Сибла постеснялся сказать дежурной сестре, кто такая Найрис. Думал, что она лежит среди обычных пациенток. Теперь оказался перед выбором: проявить стойкость духа и отправиться домой либо поддаться слабости и в присутствии падших женщин проявить сочувствие к шлюхе. Посмотрел в небо, ожидая подсказки свыше. Сердце боролось с разумом, Бог молчал.
Сибла решил отделаться разговором с врачом, но того не оказалось на месте. Единственная медсестра была занята. Щупленькая санитарка довела Сиблу до палаты и, взявшись за дверную ручку, обратила к нему горбоносое лицо:
— Это вы её так?
— Нет. Я её друг, — соврал он. Друзья не бросают, он бросил.
В вытянутой комнате в два ряда теснились койки. Пробираясь боком по узкому проходу, Сибла украдкой поглядывал на женщин: избитых, изуродованных. Взор скользил по рукам и ногам, закованным в гипсовые повязки. Пятнадцать женщин в одной палате из десяти, мимо которых он прошёл.
Найрис лежала под окном.

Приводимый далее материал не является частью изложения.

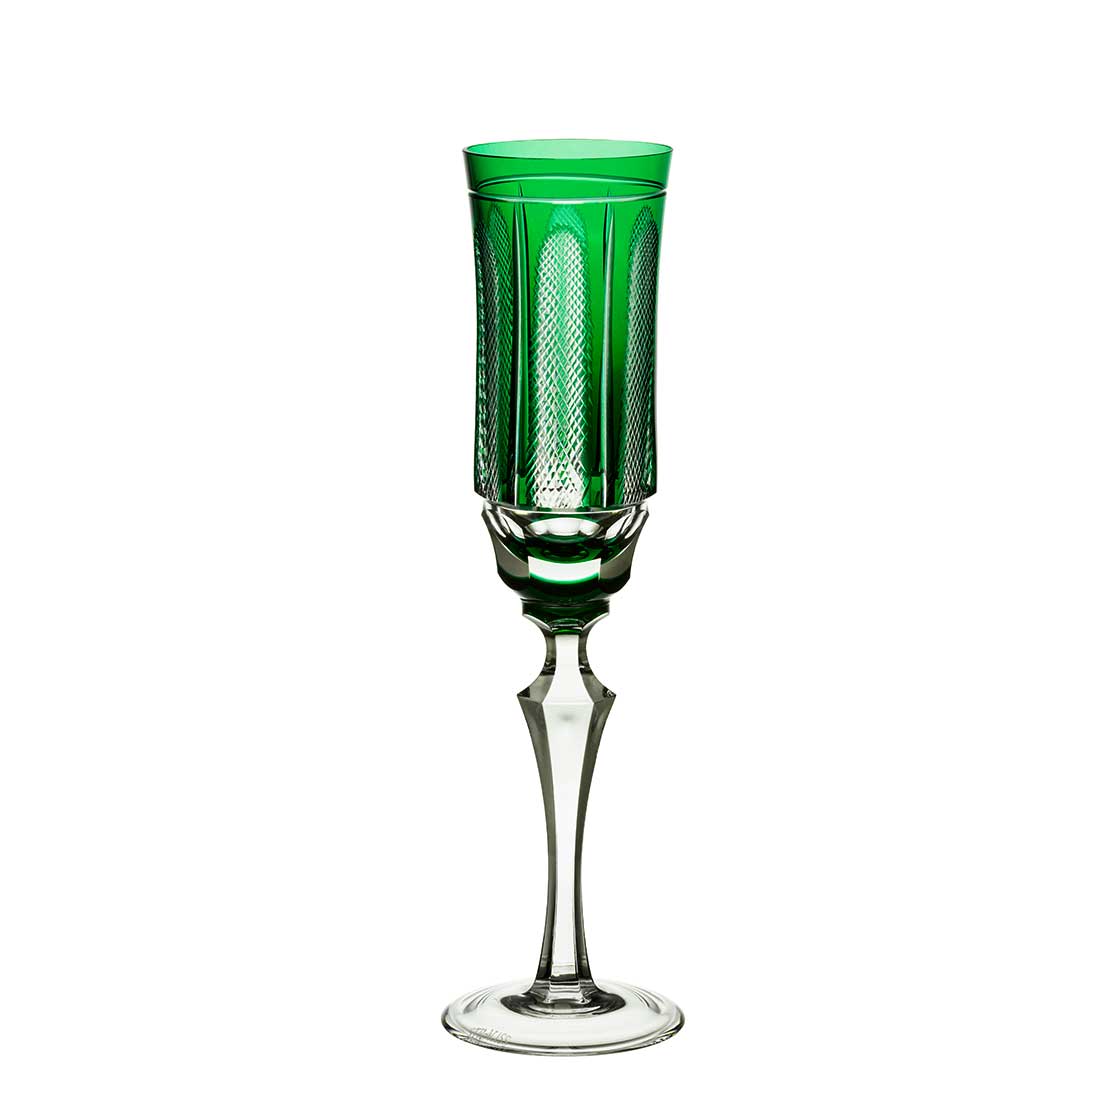 Taça de Cristal Strauss Champagne 240ml - Verde Escuro - 237.107.151.014

Солнечный свет падал на белое лицо и плотно сжатые мертвенно-белые губы. Под закрытыми глазами синие круги. Поверх одеяла безжизненные руки. Капельница с кровью. Из-под одеяла выпирают пальцы ног. Значит, ничего не сломано.
Миловидная девица, сидевшая на краешке матраса, качнулась взад-вперёд, намереваясь встать.
Сибла положил ладонь ей на плечо:
— Сиди.
— Спасибо, — непонятно за что поблагодарила девица. Глядя на Найрис, тихо промолвила: — Она потеряла много крови.
Нахлынувшая слабость вынудила Сиблу схватиться за металлическую спинку кровати.
— Что с ней?
— Её порвали.
— В смысле?
— В неё воткнули ножку стула, — ответила девица. — Операция длилась два часа. Врач сказал, что у неё не будет детей.
Сибла стиснул зубы. После знакомства с Найрис он потерял покой. Принимал исповеди и думал, сочинял проповеди и думал, читал с воспитанниками Святое Писание и думал — всё время думал о ней. Мыслям в голове стало тесно, и они перекочевали в сновидения. Он видел комнату, залитую солнцем. На окнах занавески с бахромой, на столе букетик полевых цветов. Стоя коленями на стуле, ребёнок обводил пальчиком своё отражение в зеркале. «Папа, ты похож на меня». Сибла слышал свой смех, слышал голос Найрис: «Мальчики, мойте руки. Завтрак готов».